With this notice of mountain turnpikes, I shall be obliged to my readers to step along with me over the bold summit and look at the descent, yes, the descent, my friends. It is a bold one: one of the men said "four miles of perpendicular;" and so it was. Or if it was not, it ought to have been, for many very good reasons of mathematical propriety that are as difficult to write as to comprehend. It was partially covered with bushes and trees, and a soft vegetable mould that yielded to our horses' feet, but we, by dint of holding, bracing, and sliding, arrived safely at the bottom, and jogged on merrily six or seven miles over barren ridges, rich plains, and woody hills to the head of Tumbleton park. We had turned out our animals to eat, hung our camp-kettle over the fire to boil some bits of grisly meat that we had found among the rubbish of our packs, and were resting our wearied frames in the shade of the willows, conversing about the tracts which we had seen five miles back; one supposing that they were made by Indians, the Arrapahoes or the Shoshonies, while our old guide insisted that they were made by white men's horses! and assigned as a reason for this opinion, that no Indians could be travelling in that direction, and that one of the horses had shoes on its fore feet; when the Arrapahoe war-whoop and the clattering of hoofs upon the side hill above, brought us to our feet, rifle in hand, for a conflict. Kelly seemed for a moment to be in doubt as to his own conclusions relative to the tracks, and as to the colour of those unceremonious visitors. But as they dashed up, he leaped the brook, and seized the hands of three old fellow-trappers. It was a joyful meeting. They had often stood side by side in battle, and among the solemn mountains dug the lonely grave of some slaughtered companion, and together sent the avenging lead into the hearts of the Blackfeet. They were more than brothers, and so they met. We shared with them our last scraps of meat.

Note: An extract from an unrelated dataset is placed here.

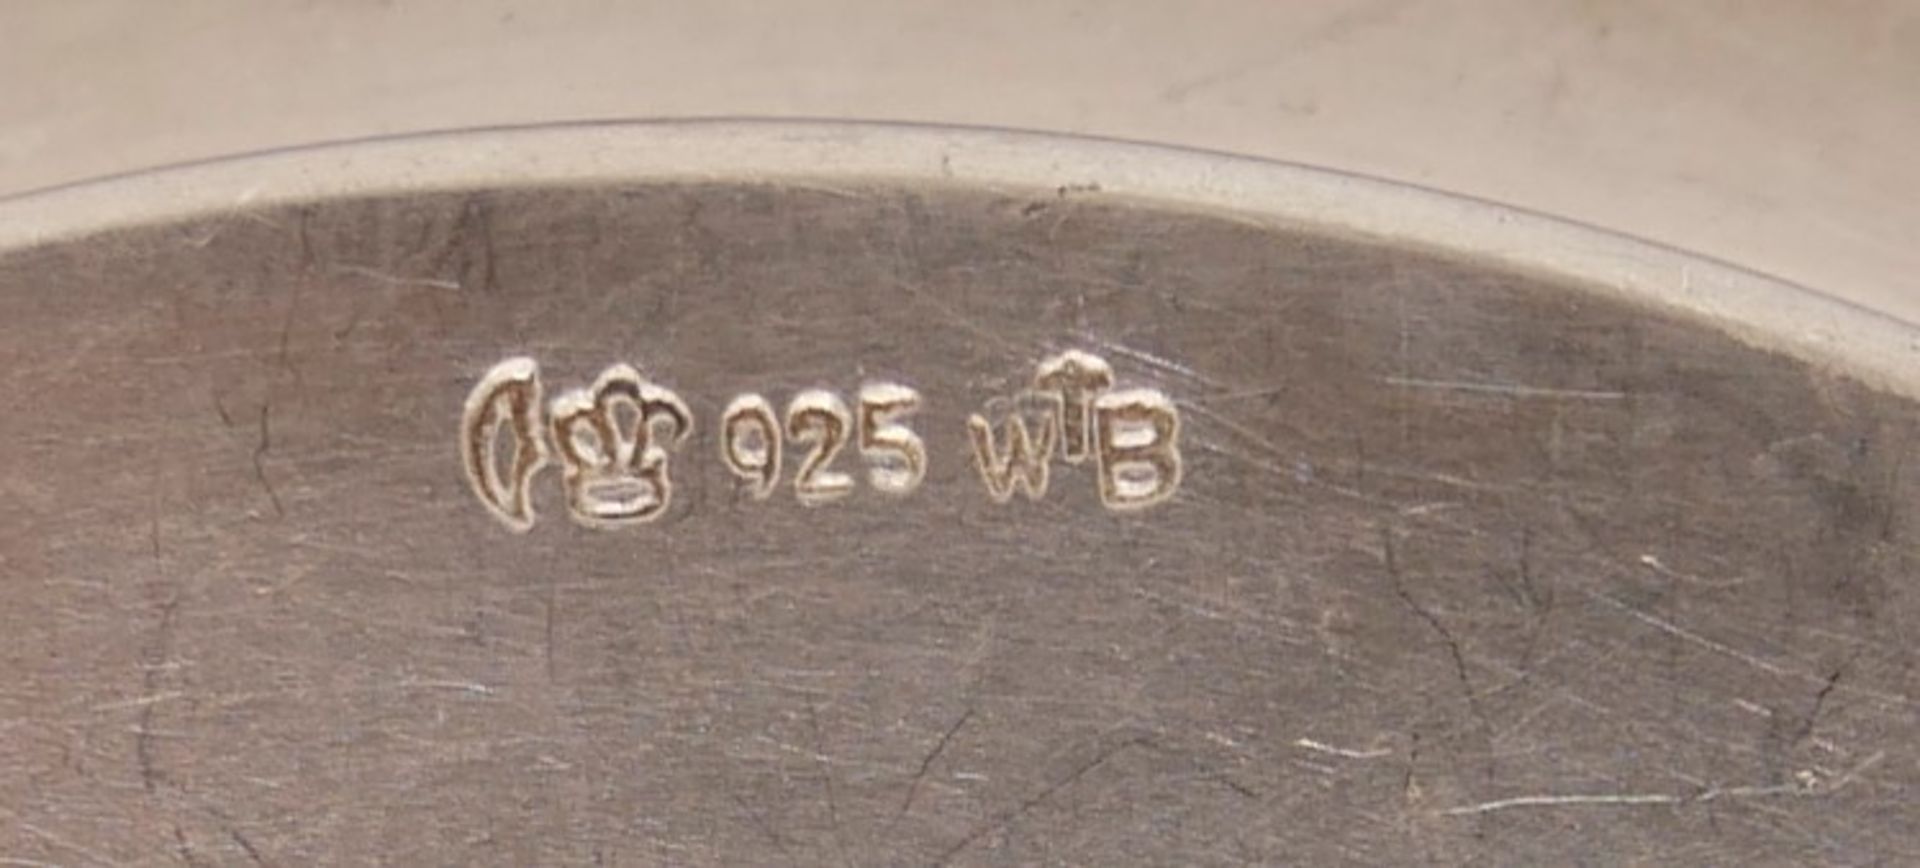 kleine Silberschale, gepunzt 925 WTB, Durchmesser ca. 11,5 cm, Gewicht ca. 80 g. - Image 3 of 3

They informed us that they had fallen in with our trail, and followed us under a belief that we were certain friends whom they were expecting from St. Louis with goods for the post at Brown's Hole; that the Arrapahoes were fattening on buffalo in the Bull Pen, on the north fork of the Platte;146 that the Shoshonies or Snakes were starving on roots on Great Bear River; that the Blackfeet and Sioux were in the neighbourhood; that there was no game in the mountains except on the head waters of Snake River; and that they themselves were a portion of a party of white men, Indians, and squaws, on their way to Bent's Fort on the Arkansas, to meet Mr. Thomson with the goods before named; that we might reasonably anticipate starvation and the arrows of the Sioux, and other kindred comforts along our journey to Brown's Hole. Mr. Craig, the chief of the party, and part owner with Mr. Thomson, assured us that the grass on the Columbia was already dry and scarce; and if there should prove to be enough to sustain our horses on the way down, that the snows on the Blue Mountains would prevent us from reaching Vancouver till the spring, and kindly invited us to pass the winter at his post. After two hours' tarry with us he and his party returned to their camp.